Хельга наивно и простодушно верила, что любовь и поддержка семьи смогут излечить болезнь, название которой неизвестно даже врачам. Мать приняла Гюнхиль такой, какая она есть, не задавая вопросов и не заглядывая в будущее. Однако Пелле с каждым днем всё больше убеждался в том, что странное поведение дочери – проявление неизлечимой болезни. И хотя он еще надеялся, что с возрастом всё пройдет, надежда постепенно угасала: Гюнхиль и в самом деле была непохожа ни на одну из своих сестер. Внешне – обычная девочка, но как сильно она отличалась от сверстниц! Пелле никак не мог понять, в какой момент всё пошло не так. Может, причины и не было, как и их с супругой вины, и он напрасно пытался ее отыскать. Возможно, это просто болезнь, «туман в голове», как сказал доктор Олофсон. Потеря разума. Так кто-то лишается слуха и половины лица в военном сражении.
Туман – точь-в-точь как тот, что каждое утро поднимается над проливом, – завладел мыслями его дочери, и не было на свете силы, способной его рассеять.

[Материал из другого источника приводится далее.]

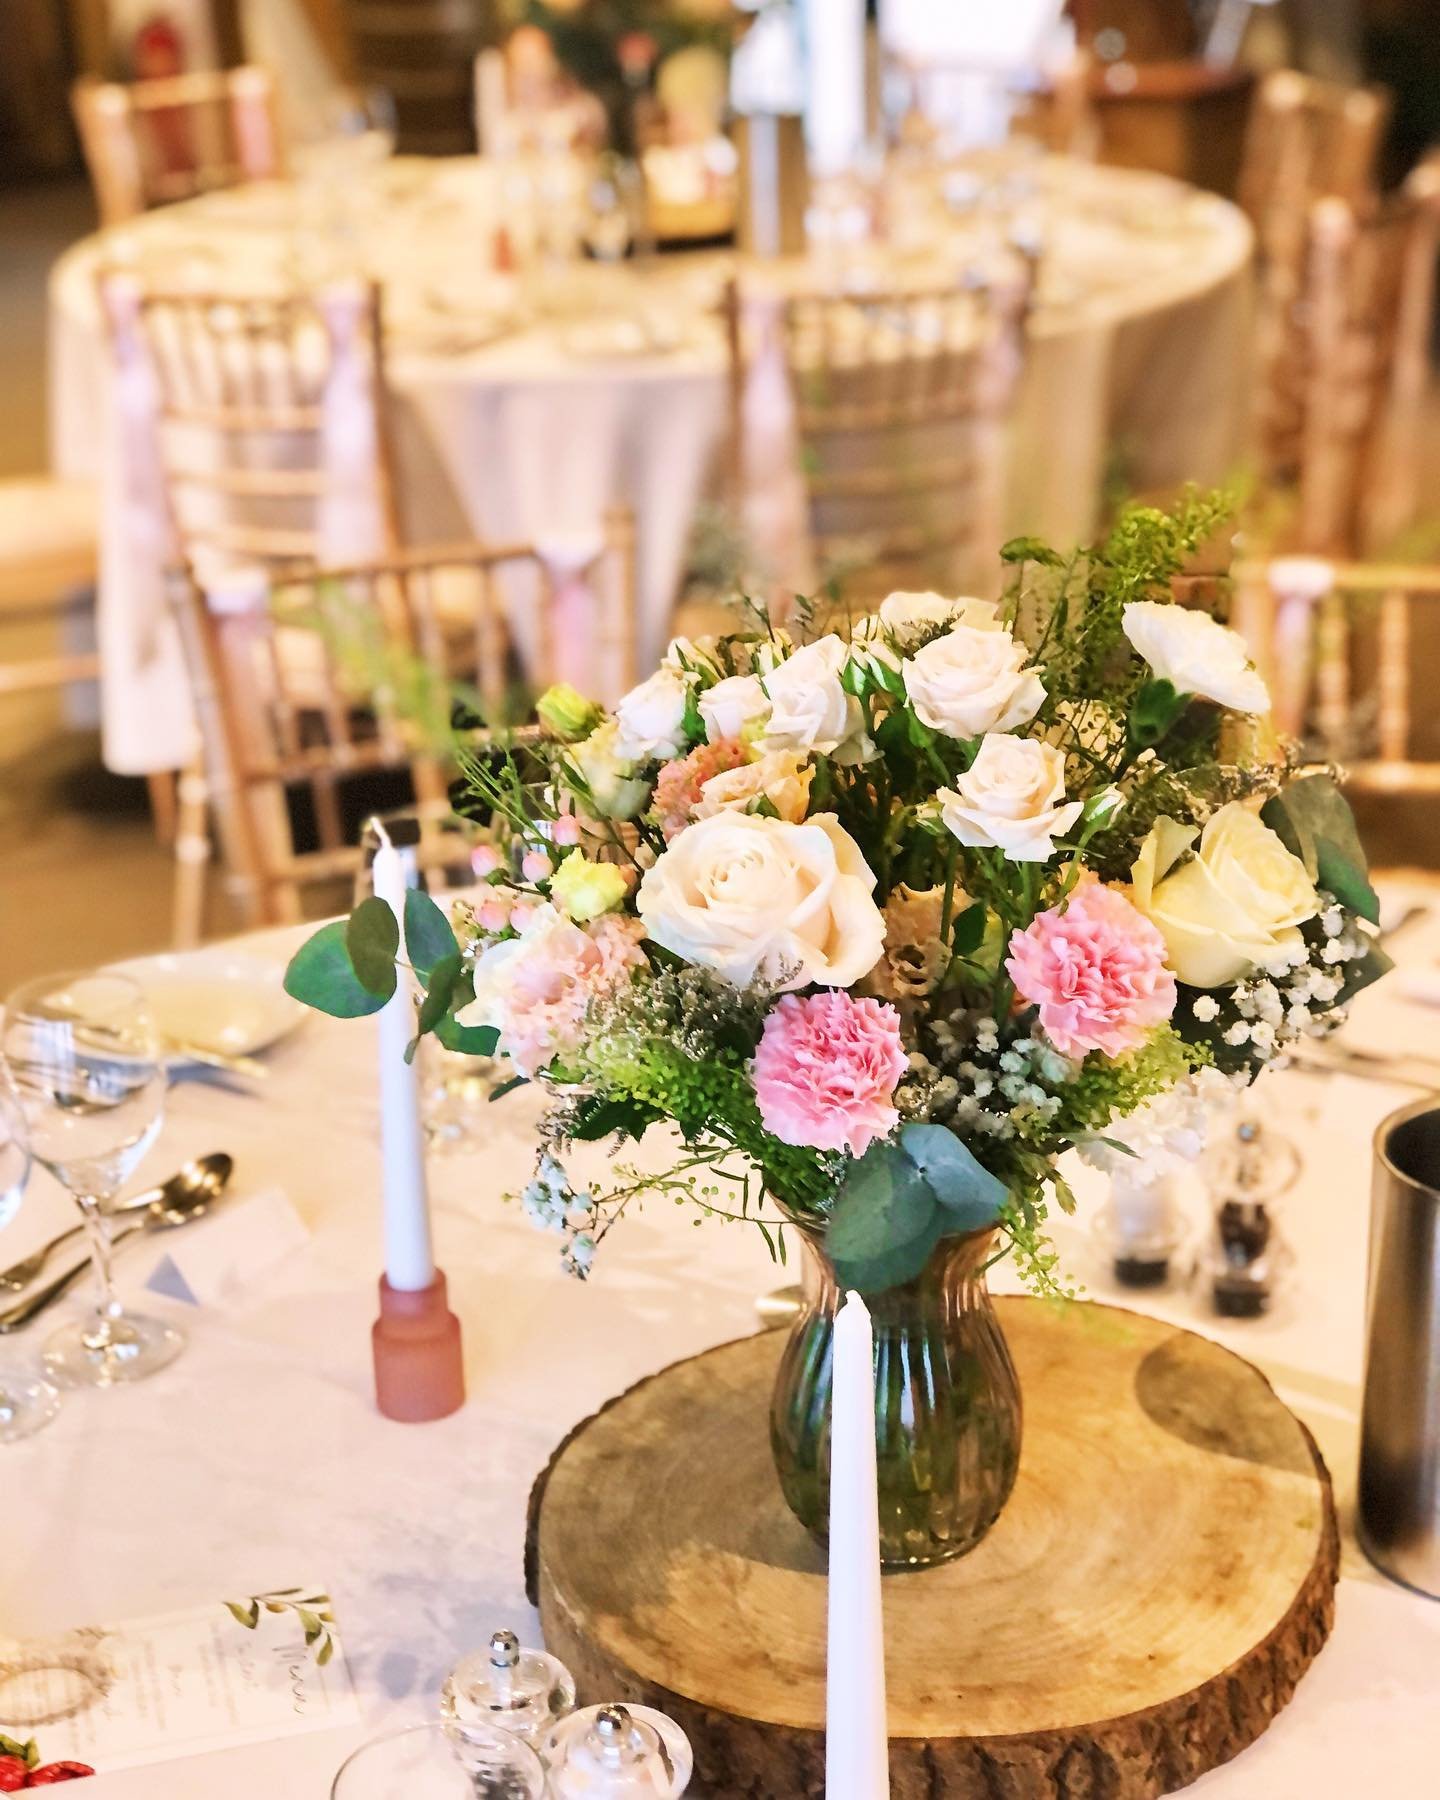 Many congratulations to G &amp; B on their big day yesterday at South Farm in Royston.
 
The couple chose a wonderful mix of pinks, cream and peach for their wedding flowers 🌸

Пелле стал брать Гюнхиль на остров в первый понедельник каждого месяца. Началось это с того, что однажды она сама запрыгнула в лодку и Йолсену пришлось взять дочку с собой. Ей нравились эти прогулки, когда от дыхания ветра ее щеки становились розовыми, а в глазах загорался, казалось, забытый огонек.
Возможно, это была всего лишь ложная надежда родителей, но даже такая надежда лучше, чем ничего.
На острове Гюнхиль обычно садилась на камень, гладила куклу, смотрела на волны и проходящие мимо лодки и корабли. Иногда она наблюдала за полетом кулика-сороки – до тех пор, пока тот не нырял, скрываясь под водой. А потом отец звал ее, и всякий раз она шла по узкой тропинке, ведущей к маяку, и входила в деревянную хижину смотрителя, наполненную запахом дыма и пылью. Девочка садилась за стол, где ее уже ждали чай, бутерброд с сыром или вяленое мясо.